Wie aus einem Retro-Serienbike wie der Harley-Davidson Cross Bones eine moderne Interpretation gelingt … oder: Den Weg mal anders rum gehen
»Der Kunde war schwer angetan von einem aufwändigen Lowrider im Muscle-Look, den wir kurz zuvor für einen seiner Freunde aufgebaut hatten«, berichtet Andy nicht ohne Stolz. »Aber natürlich wollte er keine 1:1-Kopie.« Stattdessen schwebte ihm ein Crossover vor, alles in allem etwas dezenter, aber mit Springer-Frontend und Old-School-Design-Zitaten – eine Kombination, wie sie dieses Jahr zunehmend im Trend liegt. Zugleich wünschte er sich ein gut fahrbares Motorrad, keine Trailer-Queen. Und obendrein sollten natürlich die Kosten halbwegs im Rahmen bleiben.

Keine leichte Aufgabe: Das sind ja schon mehr als drei Wünsche auf einmal. Doch »geht nicht« gibt’s nicht. Der Kölner Harley-Vertragshändler wählte als Basis eine Cross Bones und legte das Bike zunächst im Lenkkopfbereich »optisch« tiefer: Ein flacherer V-Team Lenker statt des Apehangers, dazu den Scheinwerfer gut 30 cm tiefer und damit vor statt über den Lenkkopf gesetzt, und das Motorrad kommt bereits wesentlich kompakter rüber.
Wenn Retro zu New Age wird
Der Fat Bob-Tank mit der wuchtigen, schwarzen Konsole, die die Cross Bones ab Werk spazieren fährt, mussten einer deutlich modernisierten Tanksektion weichen: Über dem Harley-eigenen »Heavy Breather« Luftfilter im Dragster-Look wölbt sich ein geschwungener, länglicher Spritbunker aus dem Hause Thunderbike mit bündig eingelassenem Flugzeug-Tankverschluss, die Geschwindigkeit liest der Fahrer an einem Minitacho an der Gabelbrücke ab. Elegante PM-Spiegel nehmen gekonnt den Schwung der Tanksilhouette auf, und auch die Trittbretter des Originals mussten einer filigranen Fußrastenanlage aus der gleichen Quelle weichen. Ein Übriges tun zahlreiche Details, die für einen wirklich cleanen Look absolut entscheidend sind. Stellvertretend seien etwa die dezenten, von H-D Köln blitzsauber verkabelten Kellermänner angeführt, die hinten dank mehrfarbiger LEDs zugleich die Funktionen von Brems- und Rücklicht übernehmen.

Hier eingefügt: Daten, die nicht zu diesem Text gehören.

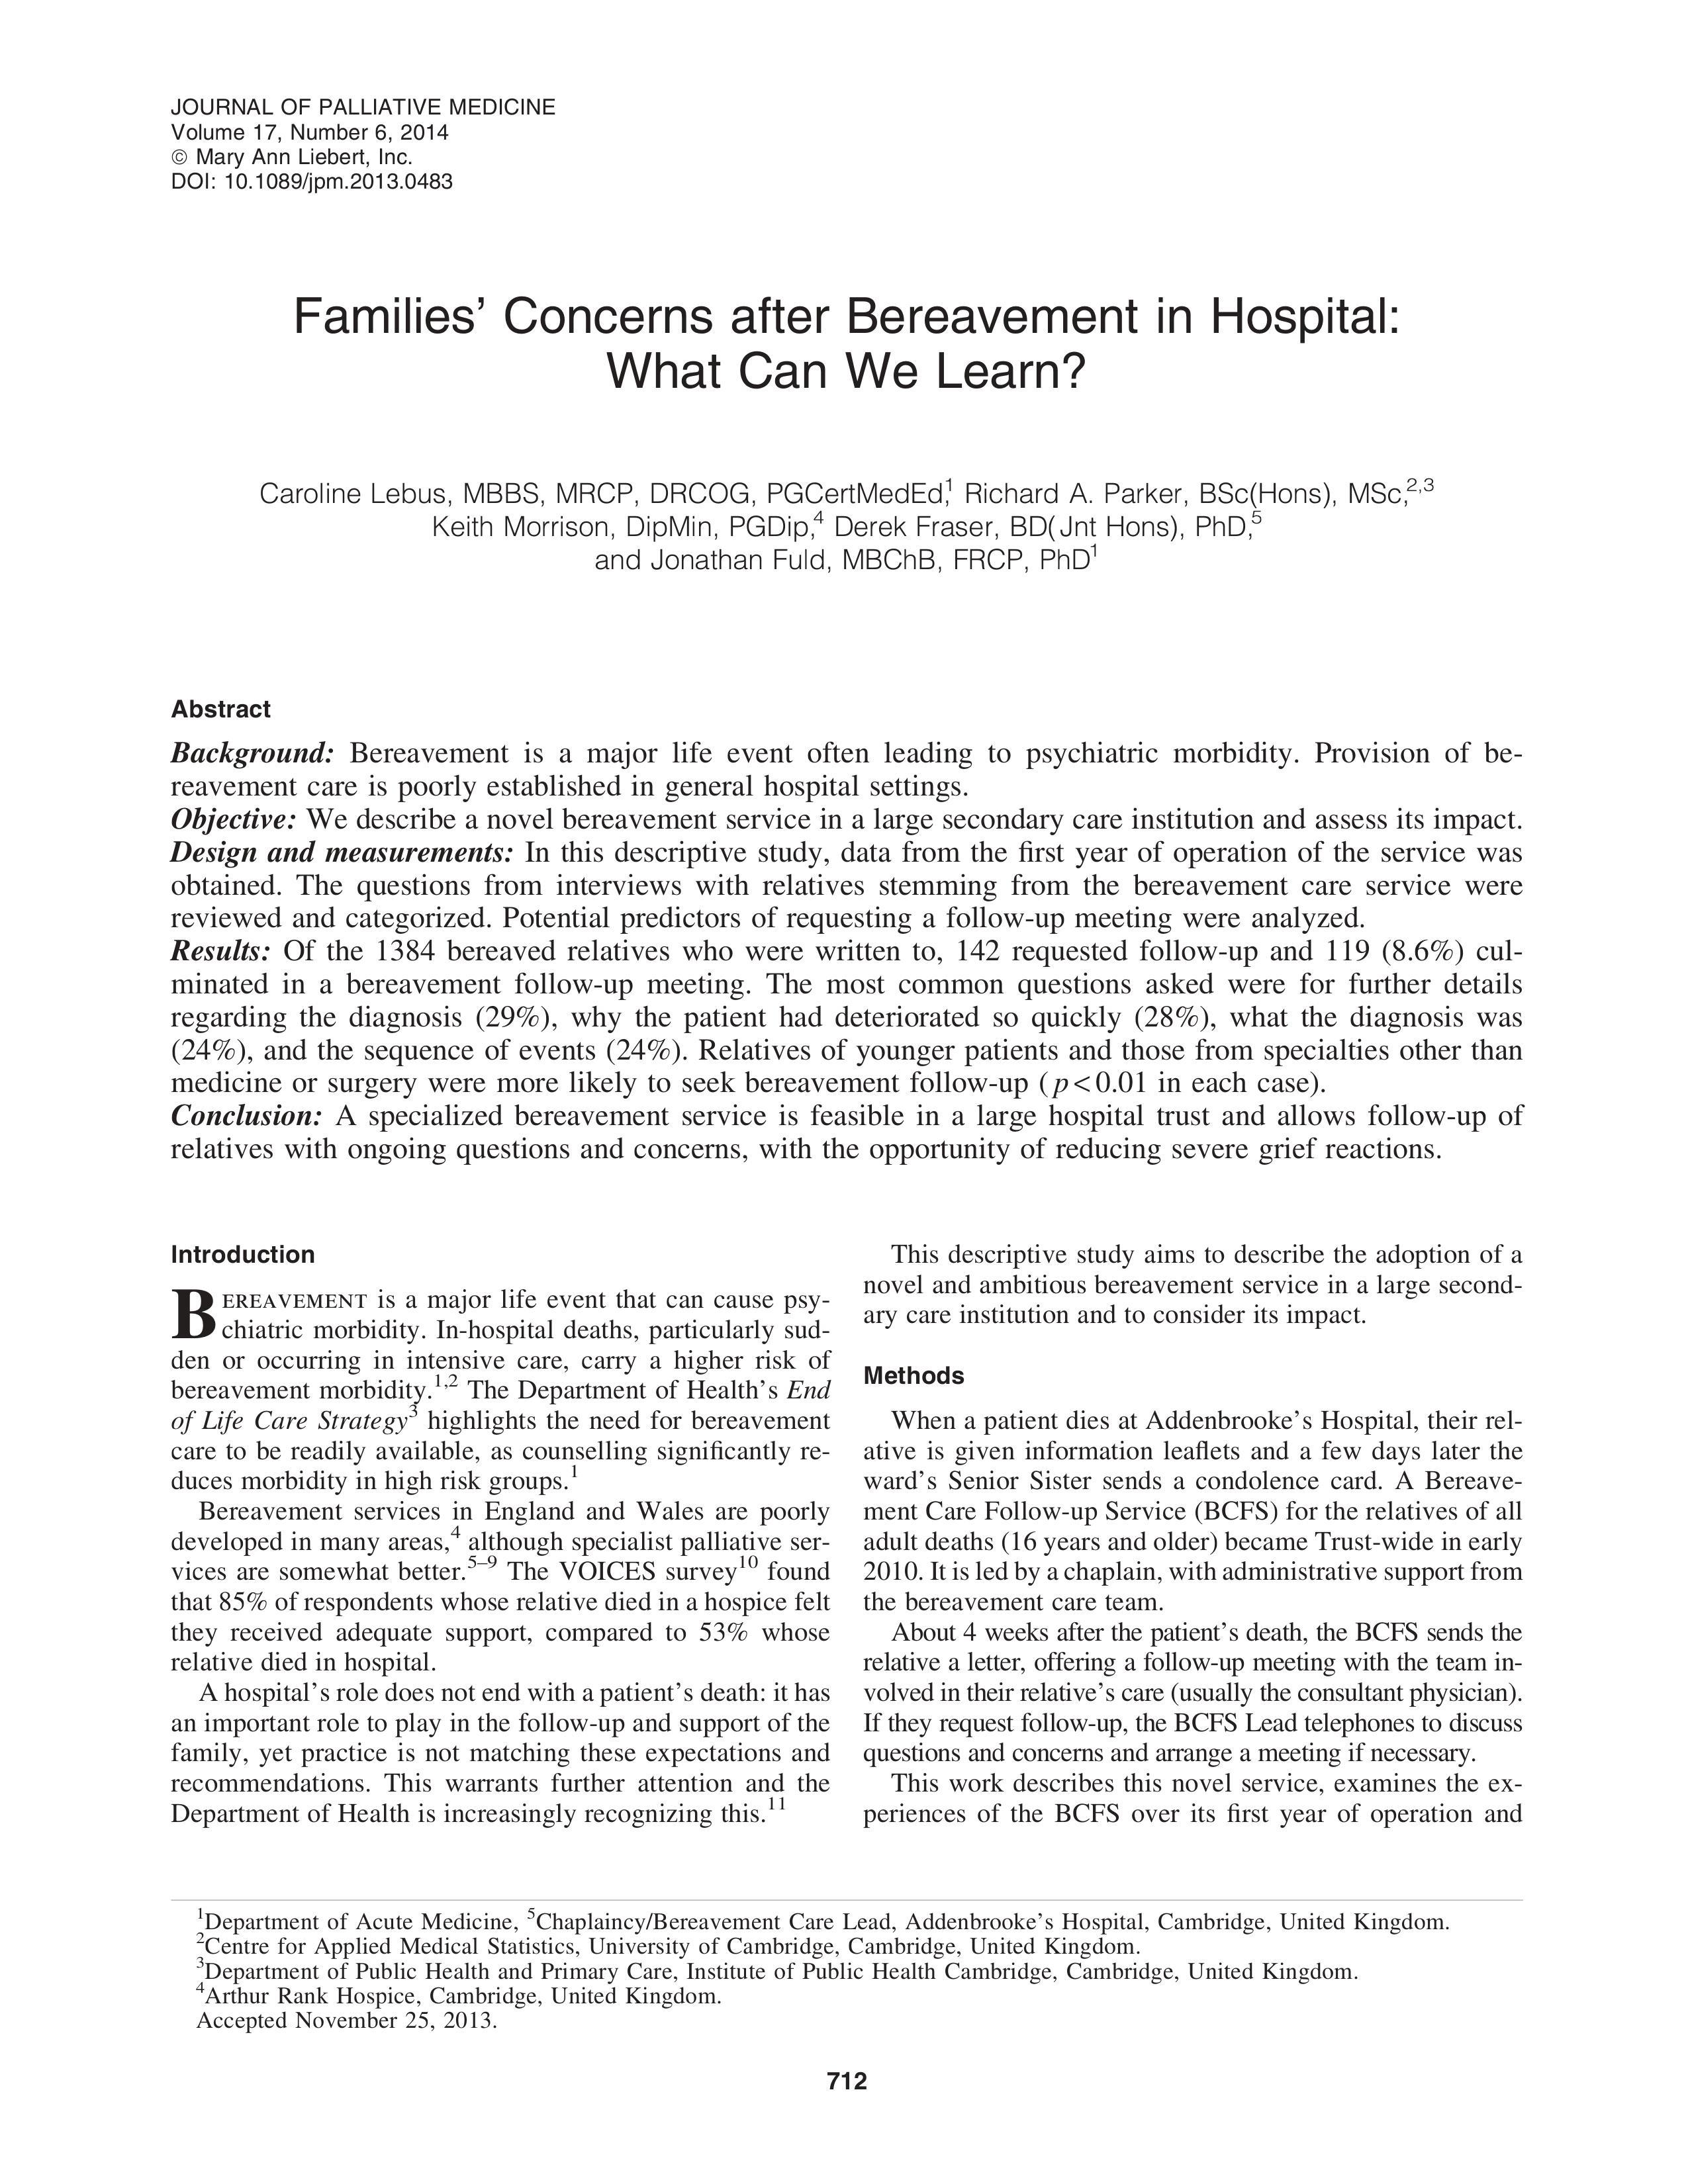 Caroline Lebus, Richard A. Parker, Keith Morrison, Derek Fraser, Jonathan Fuld. Journal of Palliative Care, 2014 (17):712-7. DOI: 10.1089/jpm.2013.0483

Und wo wir schon mal beim »Modernisieren« sind: Der neue Eigner wünschte sich zeitgemäße Niederquerschnittsreifen auf angesagten TTS Big Spoke Rädern statt der rustikalen Cross Bones Ballonreifen im Vorkriegs-Look. Ein »Drive Side«-Bremssystem in einer Ricks Schwinge samt seitlichem Edelstahl-Kennzeichenhalter sorgen für einen unverbauten Blick auf das Hinterrad. Vergleichsweise zurückhaltende Reifendimensionen von 120/70-21 vorn und 260/40-18 hinten bürgen für ein durchaus Westerwald-taugliches Handling.
Harley-Davidson Cross Bones – auch technisch modernisiert
Der minimalistische Heckfender, ebenso wie das vordere Pendant bei Harley Köln eigens von Hand aus Stahl getrieben, ist starr am Rahmen befestigt – so kann er in der allergrößten Not kurzerhand mit einer Mitfahrgelegenheit bestückt werden. Für die perfekte Synthese aus coolem Look im Stand und adäquatem Federungskomfort während der Fahrt sorgt eine »Airtail«-Luftfederung von Progressive Suspension, die sich in Höhe und Federbasis über einen bordeigenen Mini-Kompressor separat einstellen lässt.

Den Old-School-Look der vormaligen Cross Bones dagegen unterstreichen schwarz beschichtete Motordeckel sowie ein in Mattschwarz gehaltener, getapeter Vance & Hines Krümmer mit verstellbarem Kess-Tech Endtopf. Für angemessen Durchzug schließlich sorgt ein auf 1.690 cm³ aufgestockter TwinCam in Verbindung mit einer passend abgestimmten Einspritzanlage.